PUASA
Dan
HARMONI KEMANUSIAAN
By
Marcus, F. Pessireron
Kehadiran
Puasa Ramadhan selama sebulan suntuk dalam setiap tahun, merupakan wahana
spiritual paling berharga bagi setiap Muslim untuk melakukan pembongkaran atas
penjara-penjara hawa nafsu yang mengungkung dirinya, untuk menjadi manusia yang
tercerahkan dalam kesejatian dirinya sebagai insane bertakwa (Al-Qur’an, S.

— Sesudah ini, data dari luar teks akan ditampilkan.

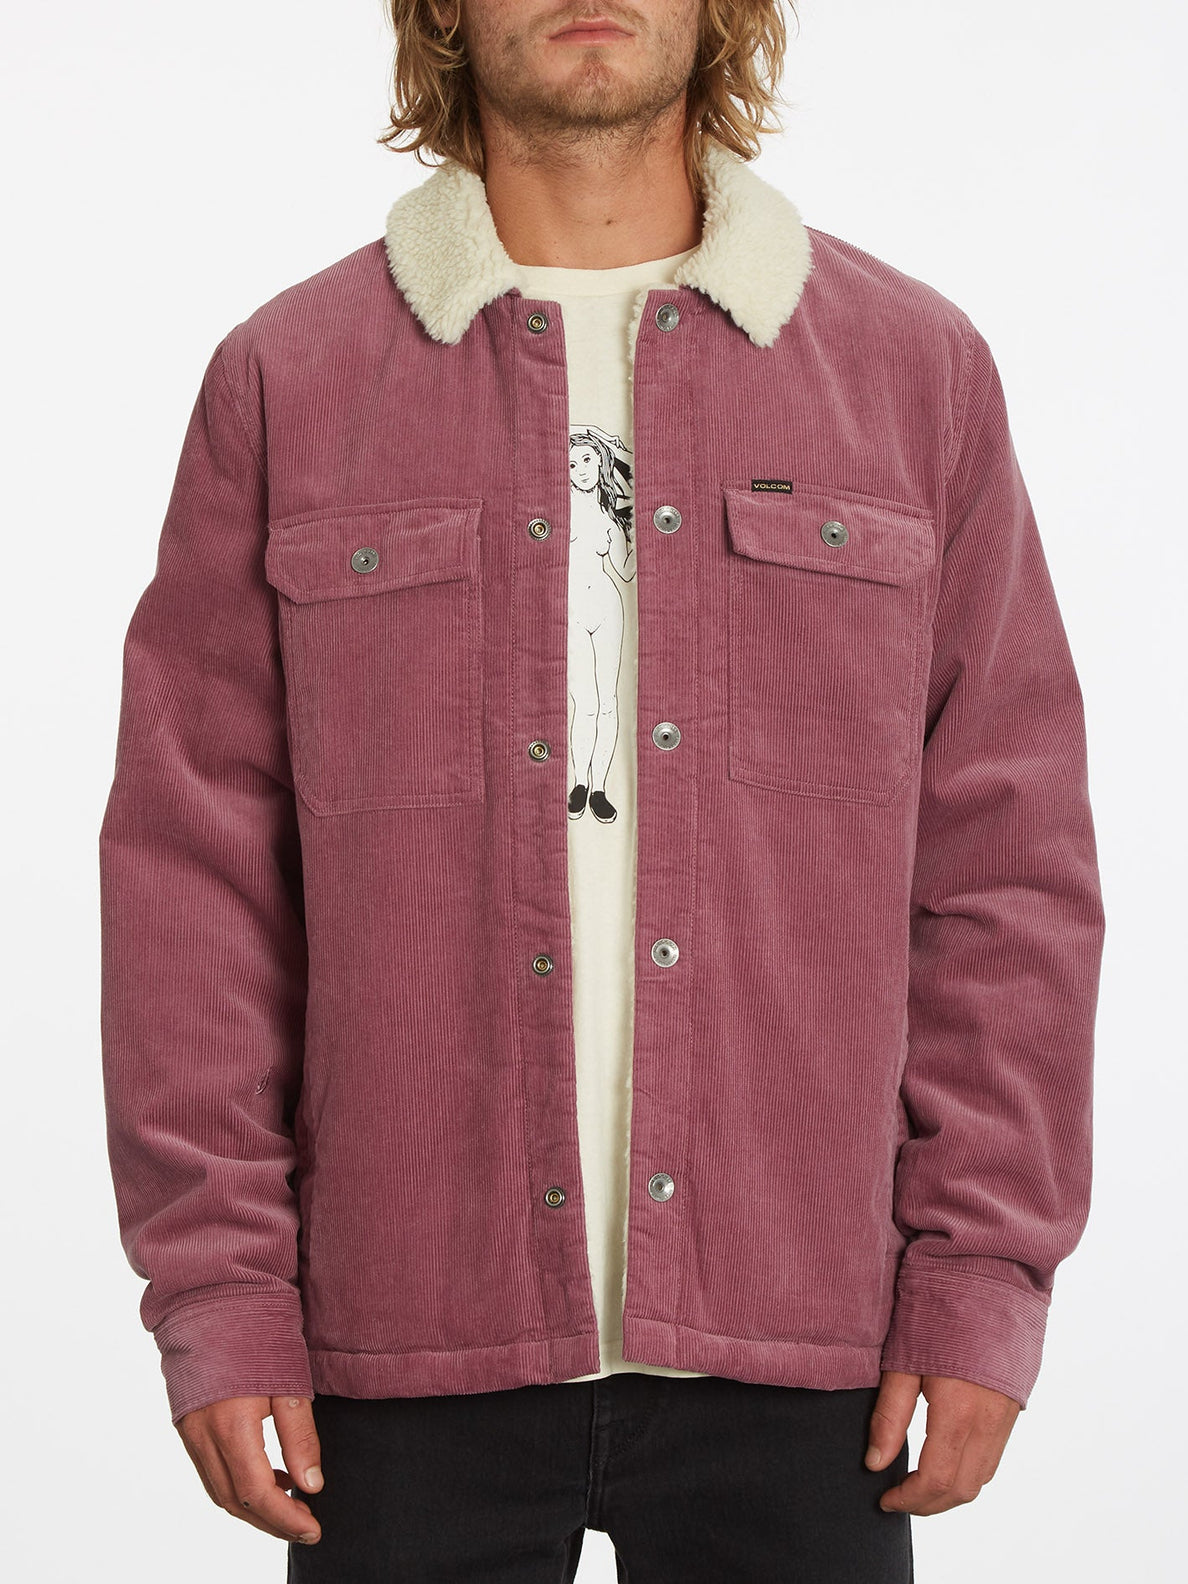 Keaton Jacket - ORCHID (A1732203_ORD) [2]

al-Baqarah:183). Rasulullah berkata, bahwa Allah telah menyatakan firma-Nya,
sesungguhnya semua amal kelakuan anak Adam dapat dicampuri kepentingan hawa
nafsu, kecuali Puasa. Puasa itu khusus
untuk-Ku, Akulah yang akan membalasnya, dengan firman Allah. Puasa itu
sebagai perisai. Jika orang yang sedang berpuasa, janganlah berkata keji dan
melakukan petengkaran. Kalau ada yang mencaci maki, atau mengajak berkelahi, katakanlah aku sedang berpuasa (inny shaaimun). Demi Allah yang jiwaku berada ditangan-Nya,
bau minyak kesturi. Maka dua kegembiraan bagi mereka yang berpuasa, yaitu
ketika ia berbuka, dan di saat kelak berjupa dengan Allah untuk menerima pahala
puasanya (Hadis Qudsy diriwayatkan Bukhari dan Muslim, dari Abu Hurairah).
Sementara
ulama menunjuk ibadah Puasa (as-shawm) sebagai oleh jiwa tahunan (riyadhah as-sanawiyah). Yakni, proses didik diri
untuk mengalahkan dominasi nafsu keduaniawian yang secara representative
dilambangkang dalam pantangan makan, minum, dan pemenuhan nafsu b iologis.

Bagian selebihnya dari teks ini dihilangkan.